Where Dan and I agree, however, is the crucial role of domestic politics. For if you look at the failures listed above, what is striking is that most of them are heavily shaped by domestic constraints. Doing something serious about climate change would have real consequences for business and consumers, and that wasn't going to happen when we are teetering on the brink of another recession. Making progress on Israel-Palestine or on Iran would require bringing in a new Middle East team and taking on the Israel lobby (including the Christianist wing of the GOP), and Obama abandoned that course after the Cairo speech in June 2009. His decisions to escalate in Afghanistan and to try to stay in Iraq were clearly shaped by domestic political concerns, and especially the perennial Democratic fear of being perceived as "weak" on national security. Trade liberalization is always a contentious issue here at home, and especially tough to tackle with a weak economy.
In short, Dan's broader point about Obama's foreign policy successes is insightful: the president has done well in those relatively minor areas where domestic politics do not loom large and where he can exercise unilateral authority. But on the more important and more difficult issues where you would have to convince the American people to follow a new path, he's come up mostly empty.

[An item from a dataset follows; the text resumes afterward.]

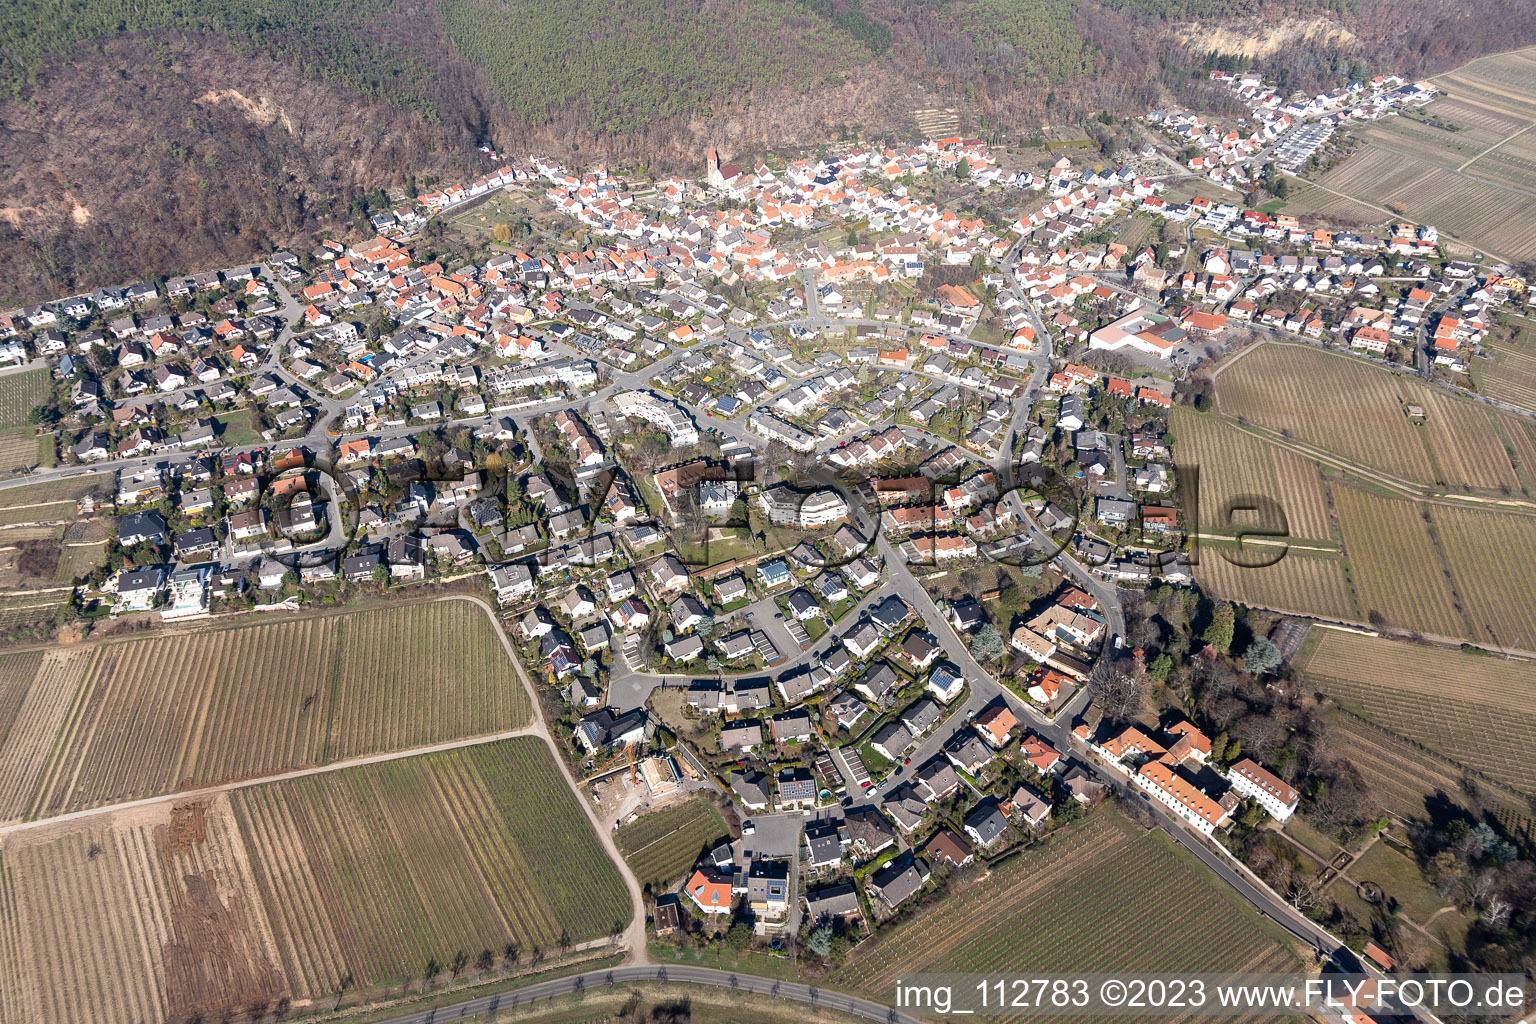 Aerial view of District Königsbach in Neustadt an der Weinstraße in the state Rhineland-Palatinate, Germany

There is one other "success" that Obama can claim, however, and it forms a revealing subtext to Dan's original post. By combining a center-right approach to foreign policy (akin to Bush's second term) with the inclusive and idealistic rhetoric of Clinton-style multilateralism, Obama has taken foreign policy entirely off the table for the 2012 election. It was never going to be a major issue anyway given the state of the economy, but the GOP simply doesn't have any foreign policy issues on which to attack him without sounding either ignorant or unhinged. That's good news for the president's prospects for re-election, but it won't give foreign policy mavens like Dan and me much to argue about during the campaign itself. Not that this will stop us, of course.